🤖 AI Summary
High-resolution outpainting of artistic images often suffers from unstable global structure, weak layout control, and high inference latency. This work proposes a two-stage diffusion framework: in the first stage, a layout adapter generates a low-resolution global blueprint conditioned on bounding boxes, ensuring structural stability and enabling explicit layout control; in the second stage, high-resolution local regions are synthesized in parallel, guided by the blueprint to preserve global consistency. Built upon a Stable Diffusion inpainting model, the approach integrates forward-diffusion low-frequency-preserving initialization with a parallel patch generation strategy. Evaluated on large-scale artistic datasets, the method achieves significant improvements in visual fidelity and semantic coherence, offers faster inference than existing approaches, and supports flexible user-specified object placement for layout control.
📝 Abstract
Image outpainting extends an image beyond its original borders, requiring seamless style integration and globally coherent scene completion. Building on the success of diffusion models, recent methods have achieved substantial improvements in visual quality.

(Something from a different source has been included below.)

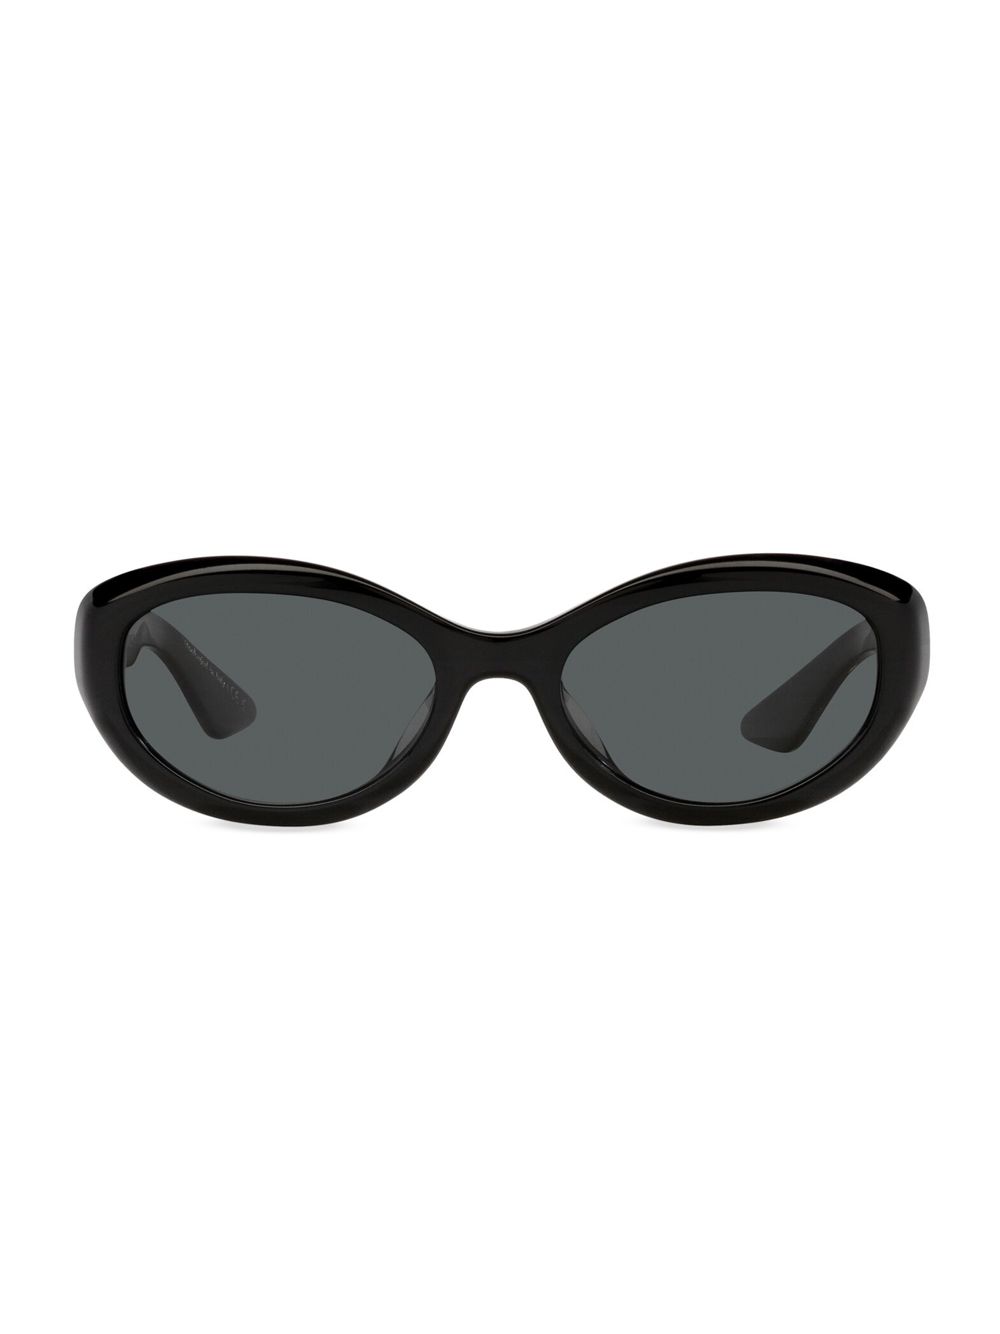 Овальные солнцезащитные очки Oliver Peoples 53MM KHAITE x Oliver Peoples, черный солнцезащитные очки кошачий глаз x oliver peoples 1998c khaite зеленый

In practice, however, high-resolution outpainting is commonly performed via progressive expansion around a fixed source image, particularly in artwork scenarios. Despite this progress, existing approaches still suffer from three key limitations: (i) the absence of a reliable global planning mechanism, which leads to structural instability and error accumulation at high resolutions; (ii) limited spatial controllability beyond text prompts, making it difficult to place objects at user-specified locations; and (iii) high inference latency caused by inherently sequential patch generation. To address these issues, we propose a global blueprint-guided two-stage diffusion framework for layout-controllable high-resolution outpainting with efficient parallel synthesis. In Stage 1, we generate a low-resolution global blueprint using a layout adapter that injects bounding-box conditions into a Stable Diffusion inpainting backbone, producing a globally consistent structural plan while extracting global guidance features. In Stage 2, we synthesize high-resolution local patches in parallel by injecting the blueprint-derived global guidance and initializing each patch from the blueprint using the low-frequency preservation property of forward diffusion. This design eliminates sequential dependency while maintaining global coherence. Extensive experiments on large-scale artwork datasets demonstrate improved visual fidelity, stronger semantic consistency, and substantially reduced inference time compared to prior baselines, while uniquely supporting explicit layout control for artwork outpainting.